2. This writ petition under Article 226 of the Constitution of India has been preferred claiming the following reliefs:
“a) Permit and allow the Petitioner to revise/correct/file afresh declaration in GST Form TRAN-1 to enable it to claim transitional credit of eligible duties to the tune of ₹ 7,89,421/- (Rupees Seven Lakhs Eighty Nine Thousand Four Hundred and Twenty One Only), in respect of unavailed credit on Capital Goods on the appointed day in terms of Section 140(2) of the Central Goods and Services Tax Act, 2017;
b) Declare the impugned action of the Respondents in not refunding/adjusting the unavailed CENVAT Credit existing in the name of the Petitioner as illegal and same be quashed and set aside;
c) Direct and declare that the time limit to file Form TRAN-1 specified in Rule 117(1) & 1(A) & Rule 120A of the Central Goods and Service Tax Rules, 2017 as being ultra vires Section 140(2) of the Central Goods and Service Tax Act, 2017 as also being arbitrary and unreasonable and violative of Article 14, 19(1)(g) and 265 of the Constitution of India.
d) Direct and declare that due date contemplated under the Rule 117 of the CGST Rules to claim the transitional credit within a specified period of time as being procedural in nature and thus merely directory and not a mandatory.

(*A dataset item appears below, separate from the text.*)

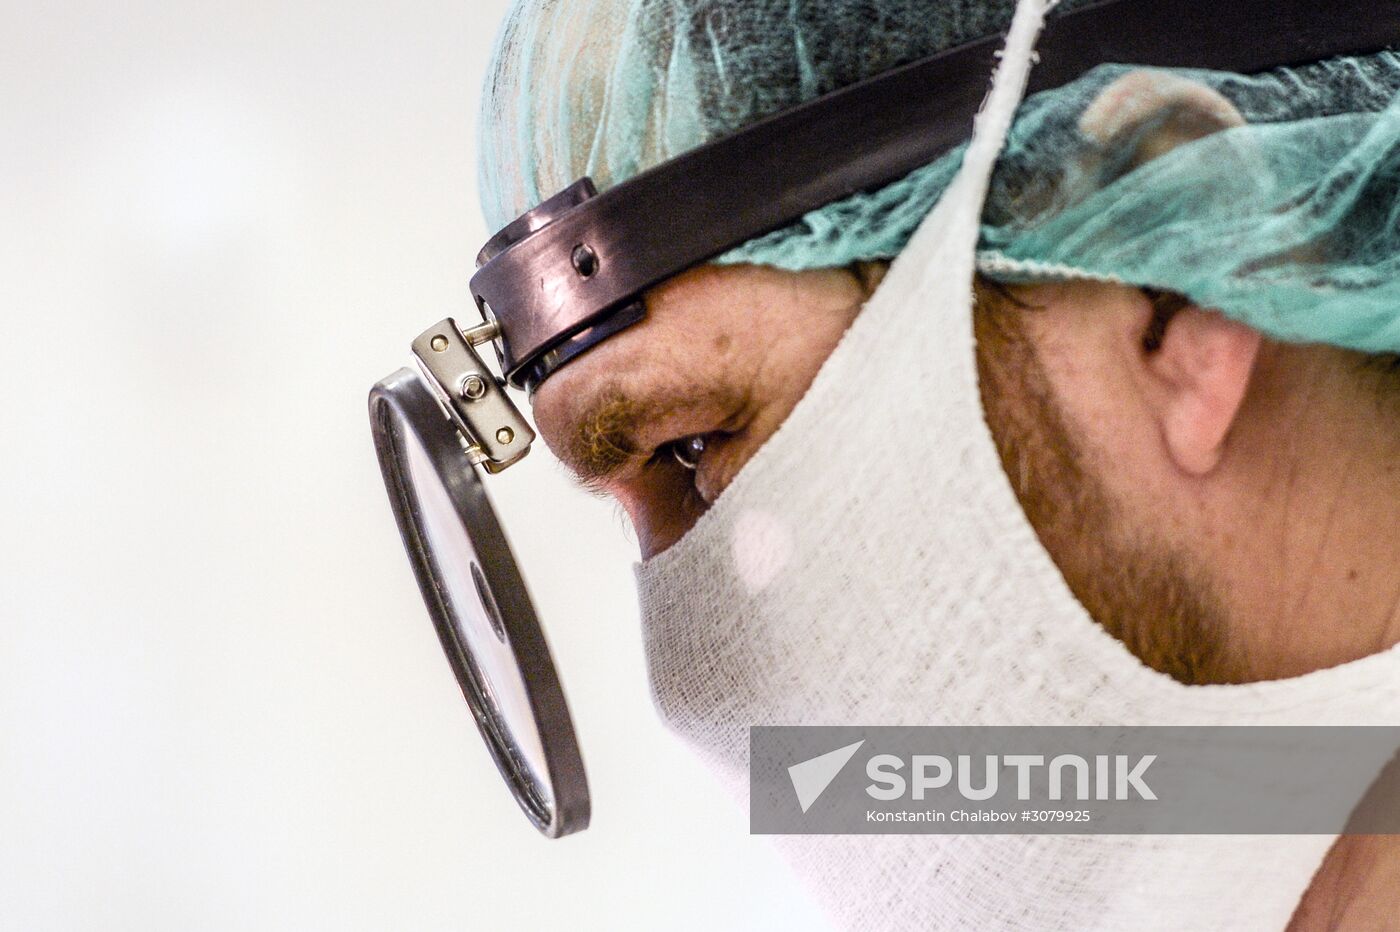 ENT surgeon from Veliky Novgorod

e) Direct Respondent No.4 to refund/carry forward the unavailed CENVAT Credit in the Electronic Ledger maintained by the Petitioner forthwith along with 18% interest.”
3. Learned counsel for the petitioner submits that the petitioner had submitted the Form GST TRAN-1 under Section 140 of the Central Goods and Service Tax Act, 2017 in order to carry forward the eligible credit on capital goods on 13.12.2017. Learned counsel further submits that the petitioner made a mistake in feeding the wrong details of unavailed CENVAT Credit of ₹ 7,89,420.76.
Learned counsel also submits that the petitioner thereafter, took up the issue with the respondents in April, 2019 upon realizing such mistake.
4. Learned counsel for the petitioner relied upon the judgment rendered by a Division Bench of this Hon’ble Court in Obelisk Composite Technology Llp Vs. Union of India & Ors. (D.B. Civil Writ Petition No.18392/2019 decided on 12.12.2019), relevant portion of which reads as under:
“8. Accordingly, upon taking the aforesaid submissions into consideration, we are of the considered view that the challenge to the constitutional validity of Rule 117 no more being res integra, this Court cannot entertain such prayer and accordingly reject the same, however, considering the fact that the Union of India and the Finance Department have extended the period contemplated under Rule 1A of Rule 117 till 31 st December, 2019, we grant liberty to the petitioner to make an application before GST Council (through Standing Counsel, who is further requested to hand over the same to the jurisdictional officer) for forwarding the same to the GST Council to issue requisite certificate of recommendation alongwith requisite particulars, evidence and a certified copy of the order instantly and such decision be taken forthwith and if the petitioner’s assertion is found to be correct, the GST Council shall issue necessary recommendation to the Commissioner to enable the petitioner to get the benefit of CENVAT credit within the stipulated time as stipulated by the Union of India i.e on or before 31st December, 2019.”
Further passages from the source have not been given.